* _Task details_: The required output is the stretch from the line containing "I'm Not A Hot" through the line containing "The lanterns of" in the records below, unaltered and with no pictures.

(Data entries)
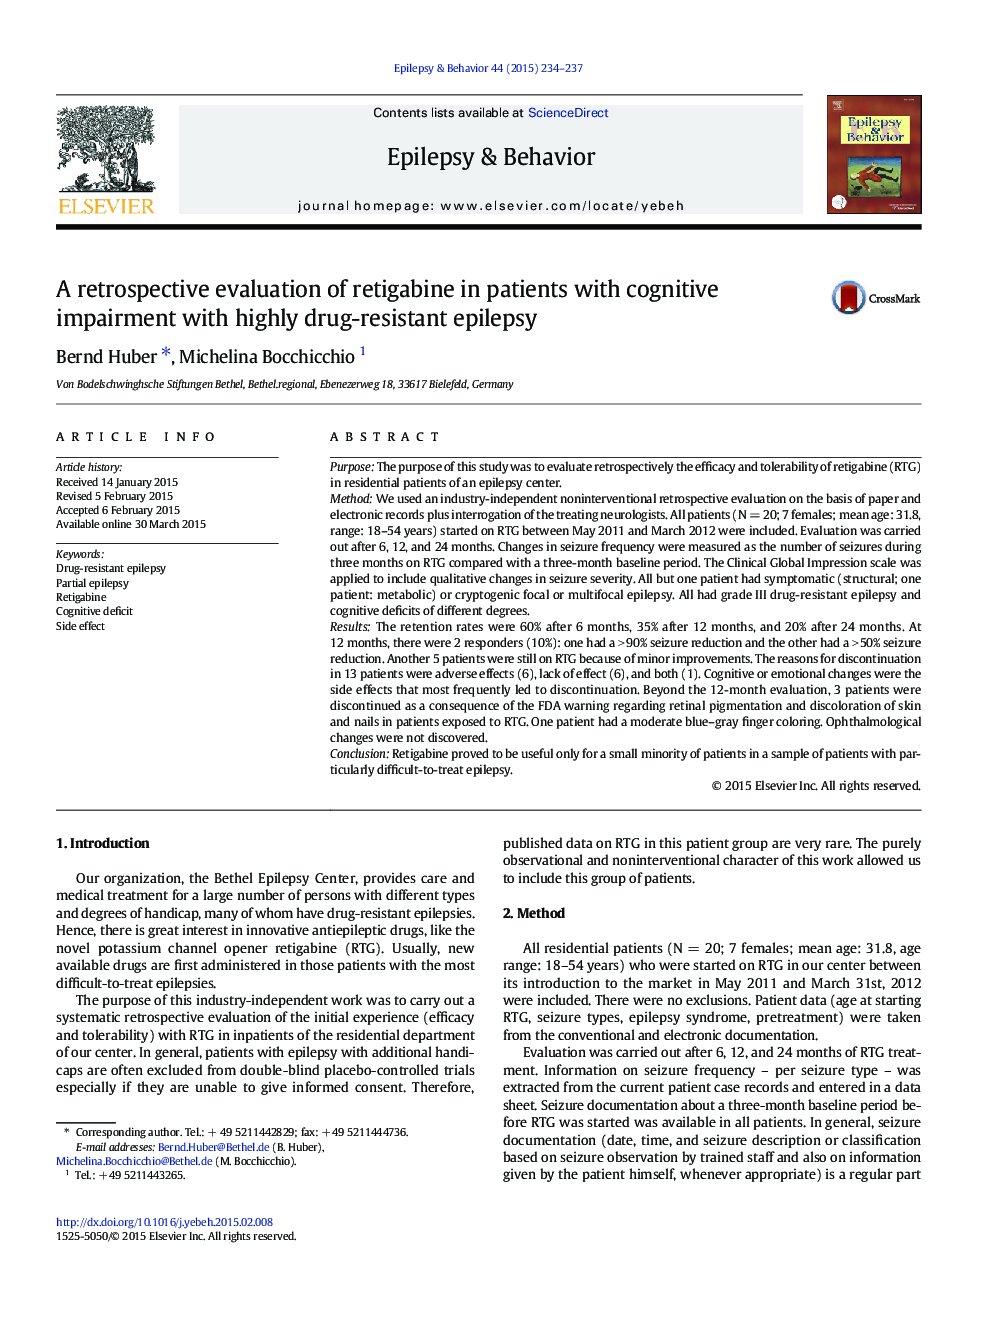 A retrospective evaluation of retigabine in patients with cognitive impairment with highly drug-resistant epilepsy
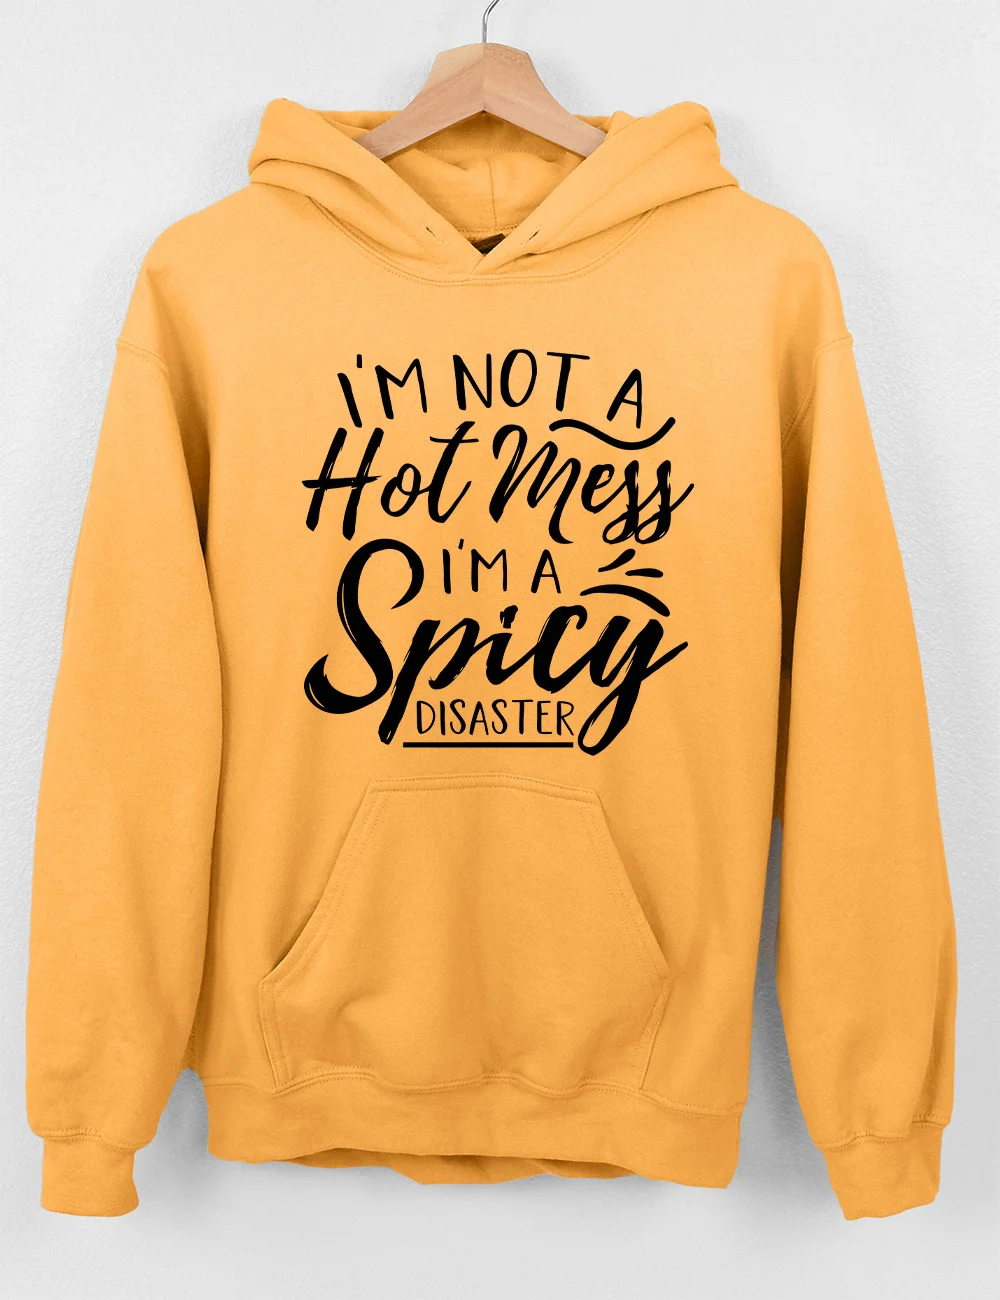 I'm Not A Hot Mess I'm A Spicy Disaster Hoodie
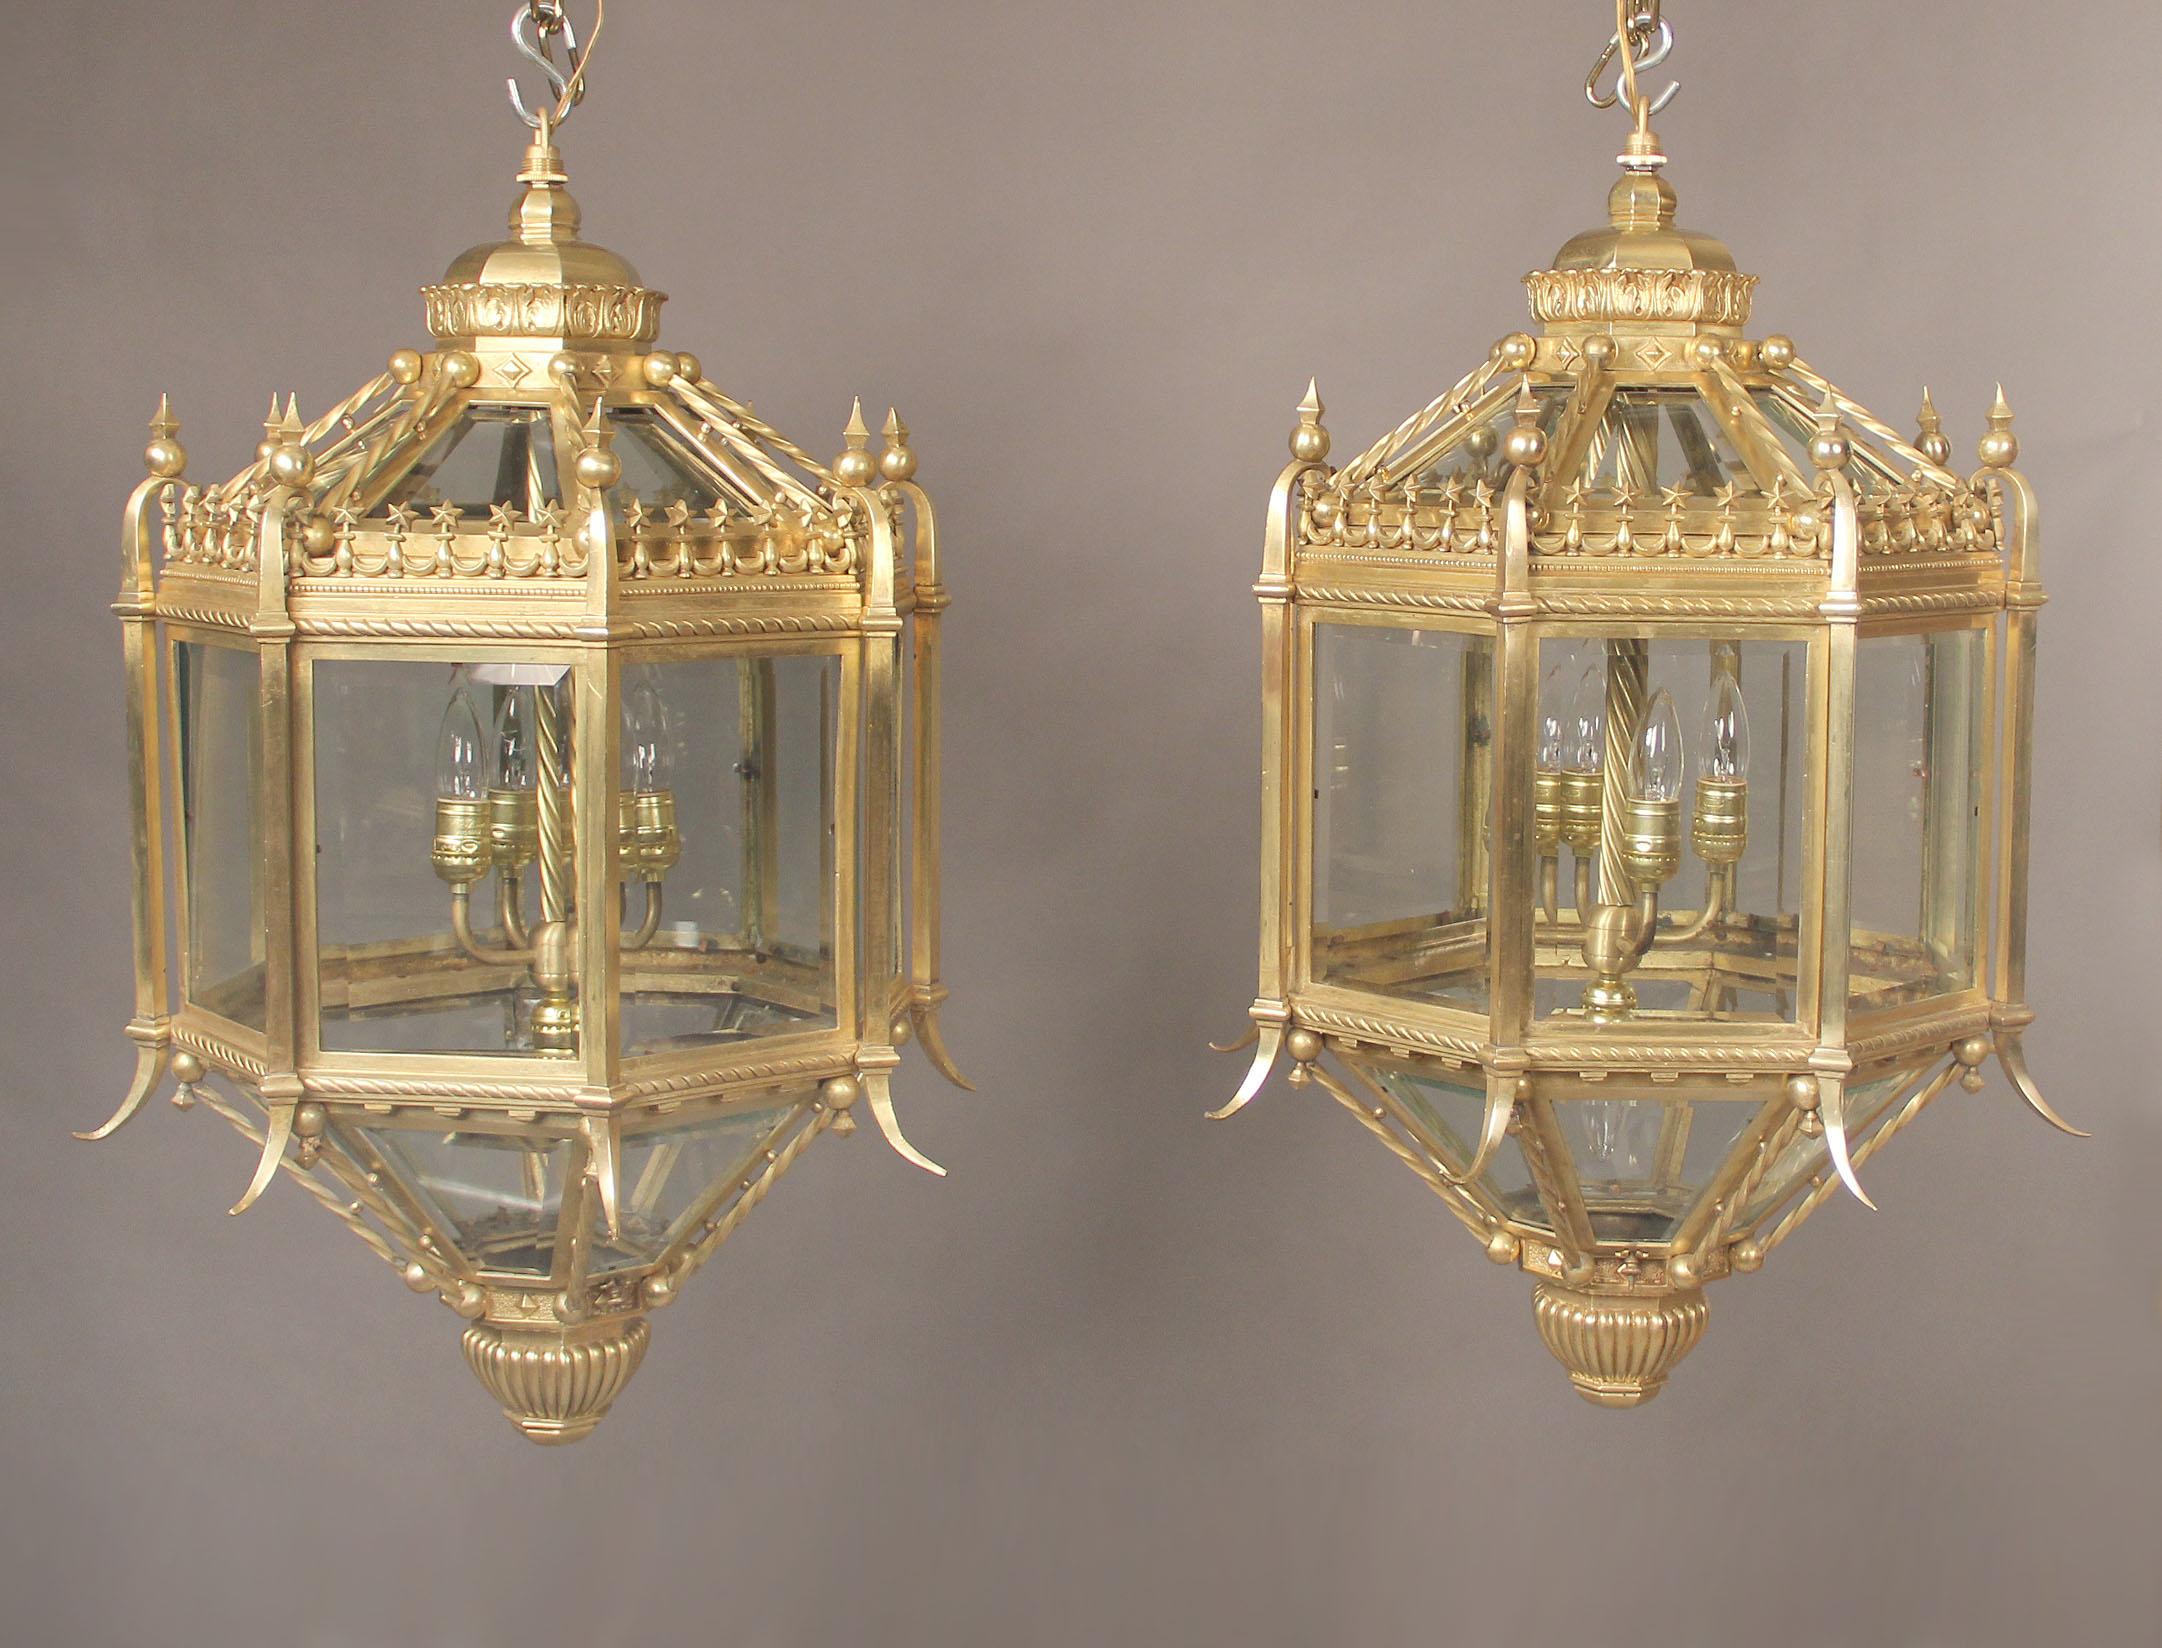 A fine pair of late 19th century gilt bronze five-light lanterns.

The lanterns of octagonal form with a pieced gallery with stars circling the top. Five interior lights.

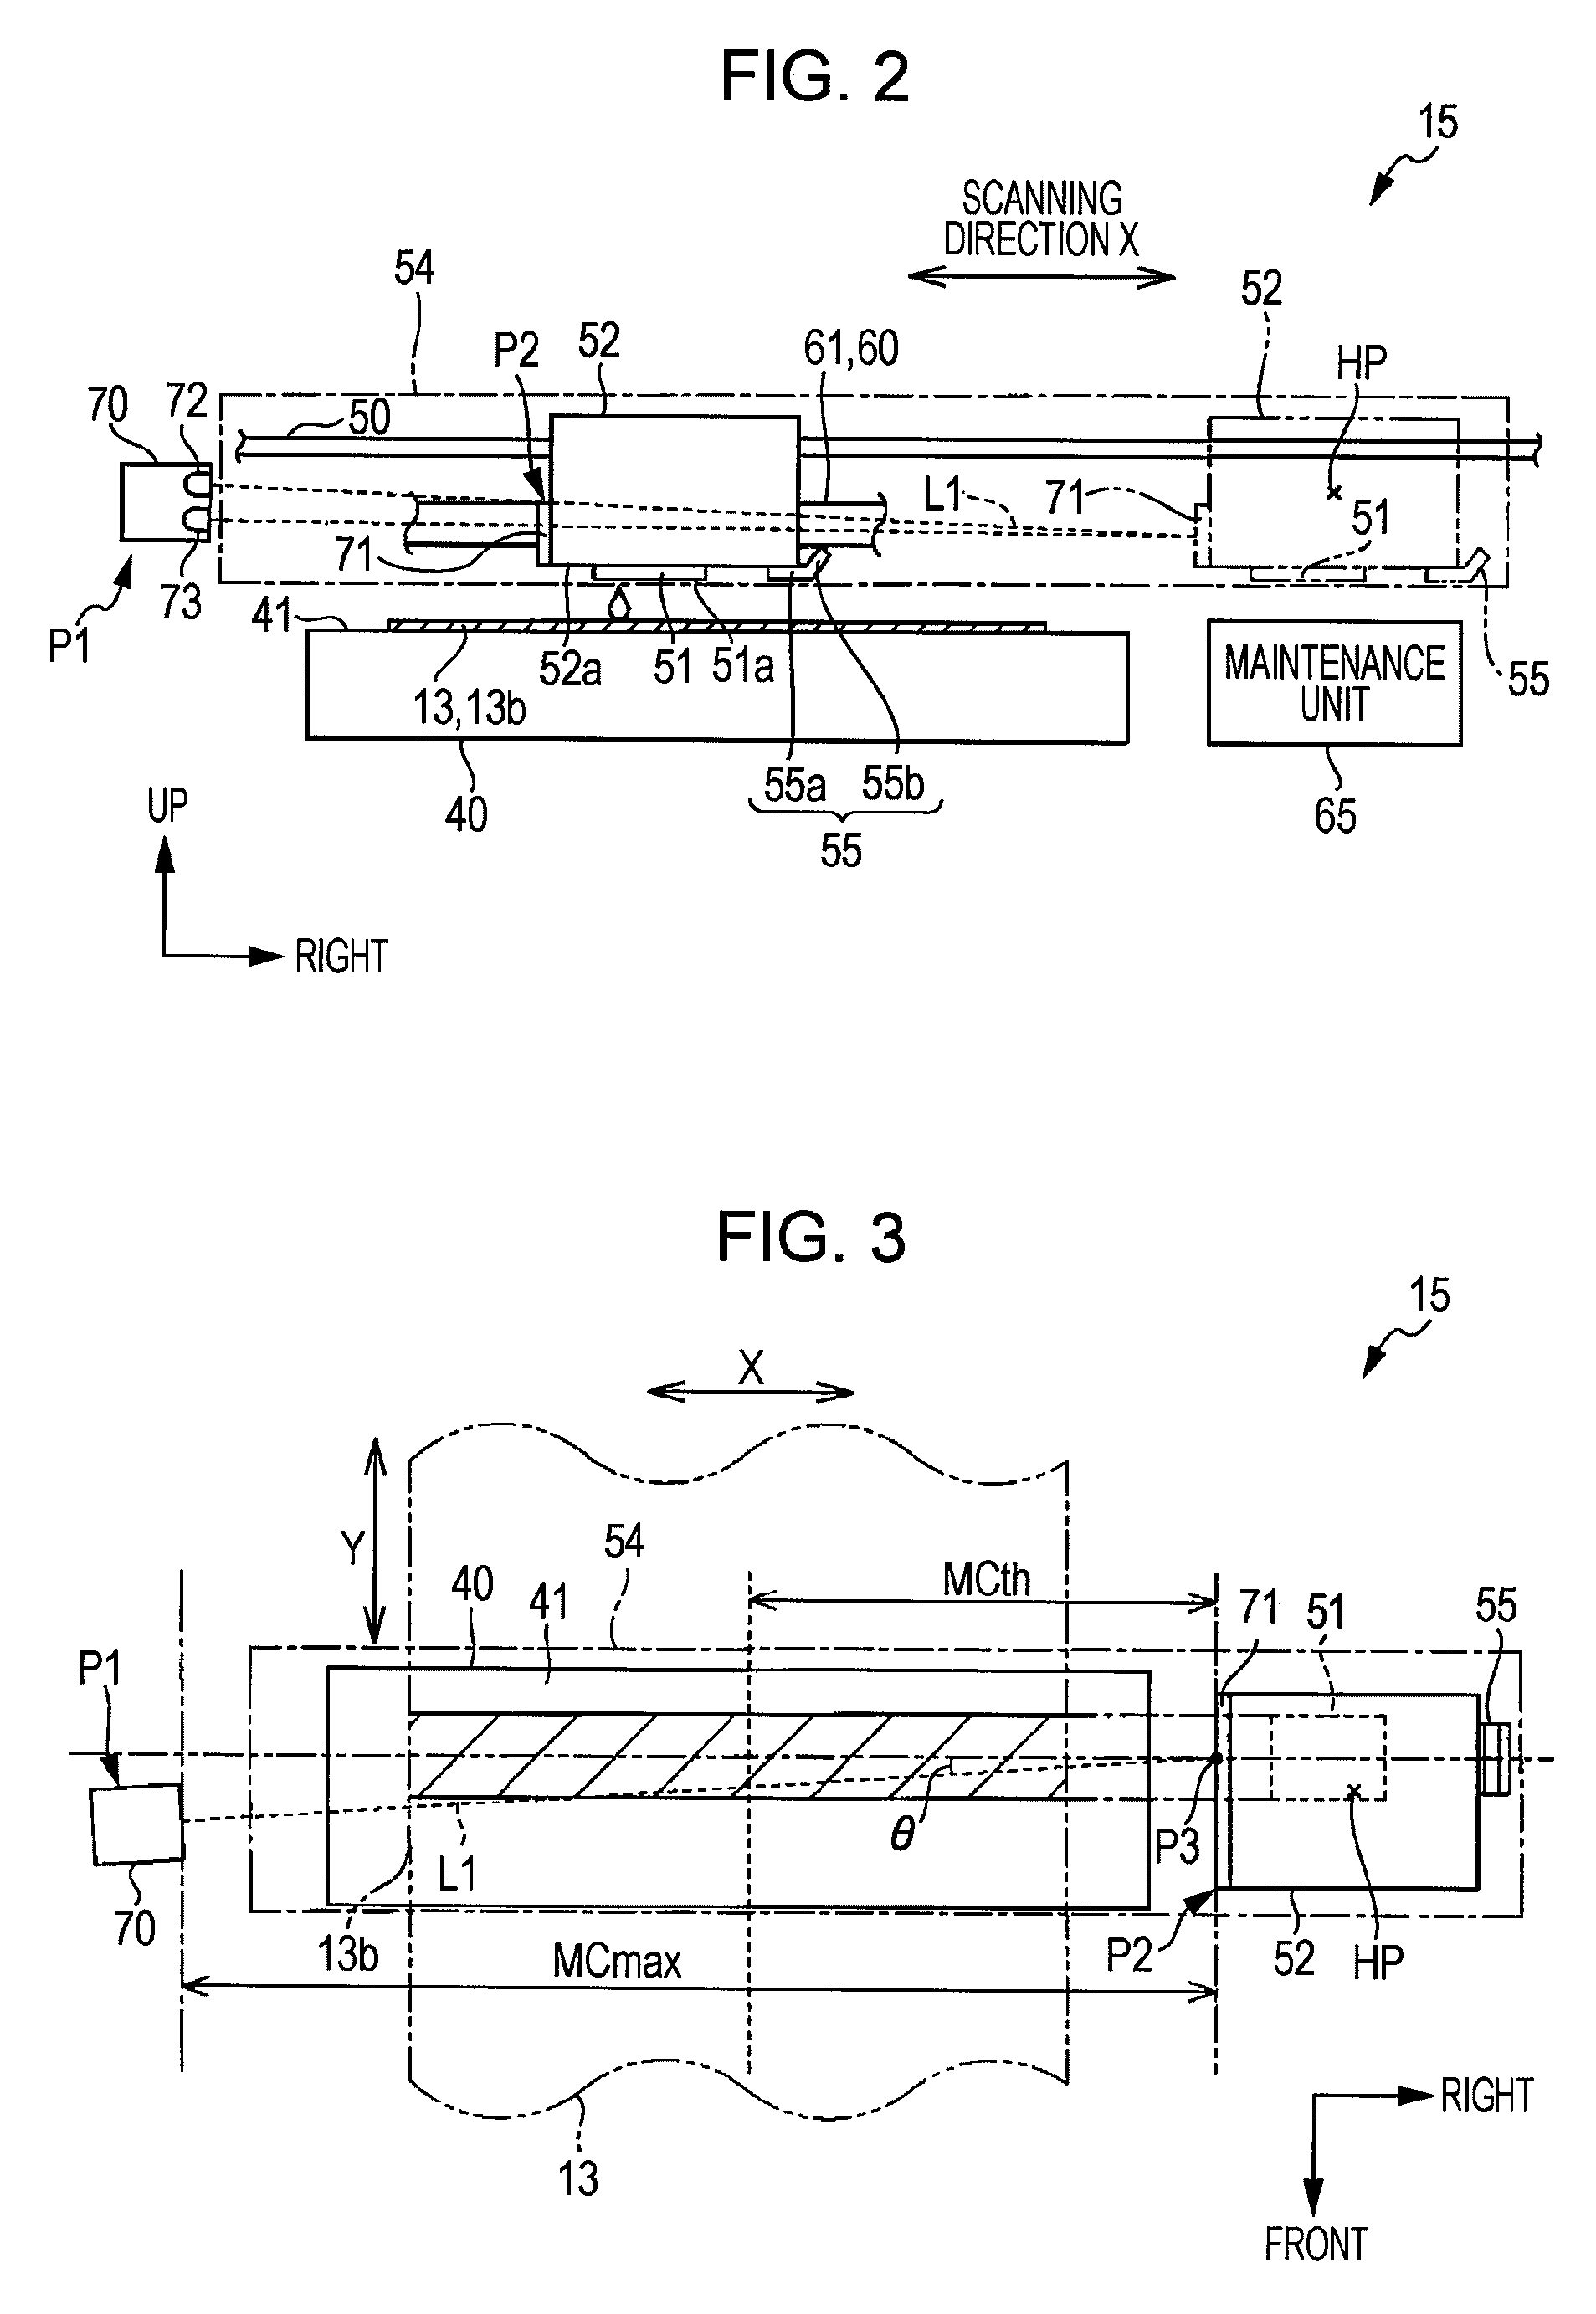 Liquid ejecting apparatus having a light sensor for detecting when a recording medium is raised from a support unit

* _Output for this exercise_:
 I'm Not A Hot Mess I'm A Spicy Disaster Hoodie
 A fine pair of late 19th century gilt bronze five-light lanterns.

The lanterns of octagonal form with a pieced gallery with stars circling the top. Five interior lights.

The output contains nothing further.